Lois Tripp Slocum was born in New Bedford, Massachusetts, the daughter of Edward Manchester Slocum and Eleanor Victoria Tripp Slocum.[1] She graduated from Smith College in 1921, adding a master's degree in 1924. She held a Lick Observatory fellowship,[2][3] and earned a Ph.D. at the University of California in 1930, completing a dissertation titled "A study of color indices of faint stars in five selected areas in the Milky Way" under advisor Robert J. Trumpler.[4][5]Fred Whipple was in the same astronomy cohort at California, finishing in the same year as Slocum.[6]
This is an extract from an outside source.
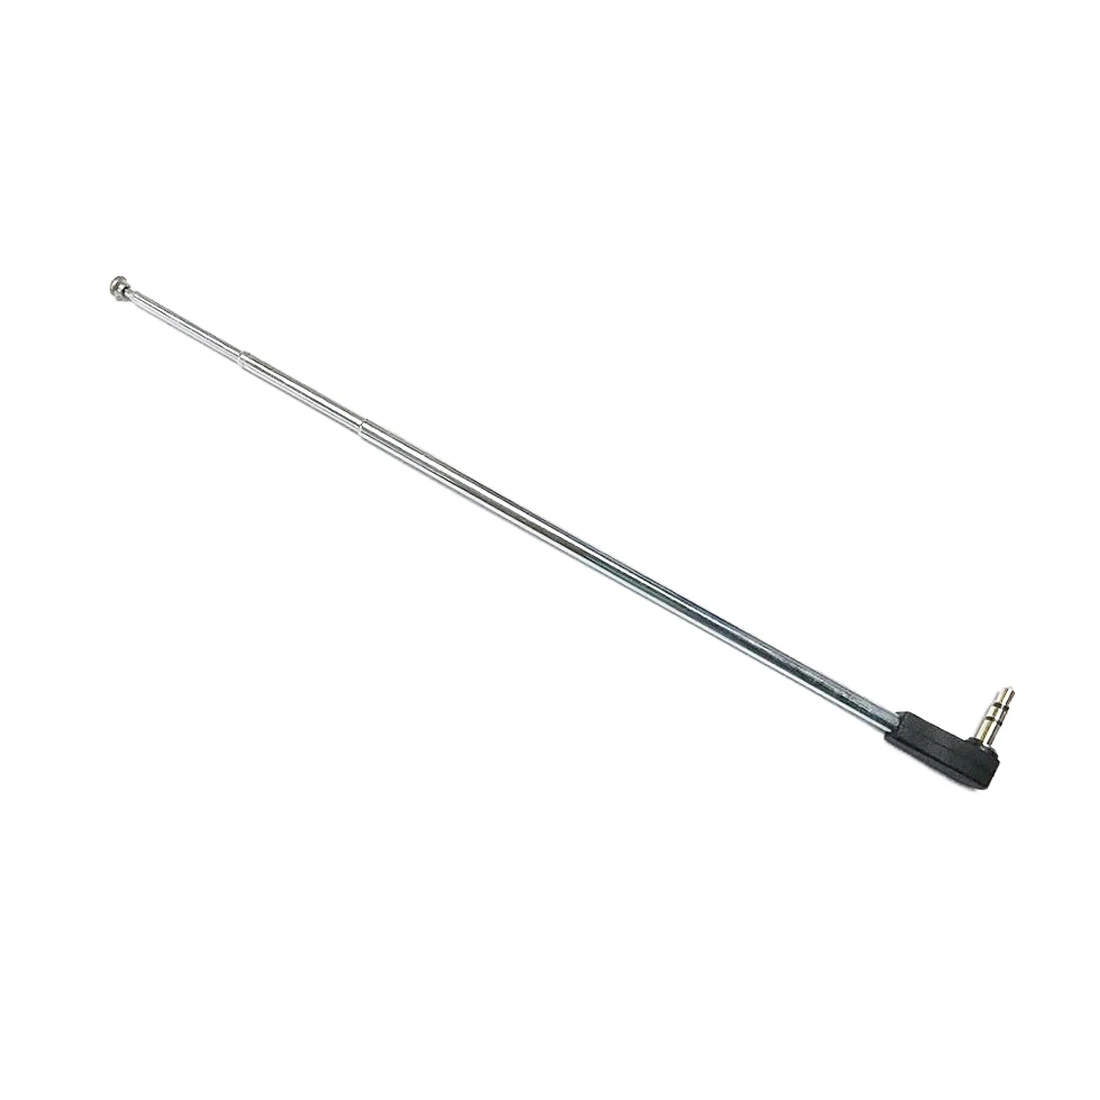 1pc 158mm 3 Section Telescoping Antenna 3.5mm Male FM Radio Aerial for Mobile Cell Phone Wholesale Price

Her uncle was astronomer Frederick Slocum, who was a professor at Brown University in Rhode Island, and at Wesleyan University in Connecticut.[7][1]
Career
Lois Slocum taught at Wellesley College with Leah Allen early in her career.[8] She was a member of the astronomy department at Smith College from 1932 to 1943, and in 1944 joined the faculty at Wilson College.[9]
Publications by Slocum included "Occultations of the Pleiades by the moon on February 14, 1932" (Astronomical Journal 1932),[14] and "The eclipsing binary WW Aurigae" (Lick Observatory Bulletin 1942).[15]
Personal life
Lois Tripp Slocum died in 1951, aged 52 years, in Chambersburg, Pennsylvania.[9] In 1967, an endowment from her mother's estate established the annual Lois T. Slocum Lecture at Wilson College, named in her memory.[16]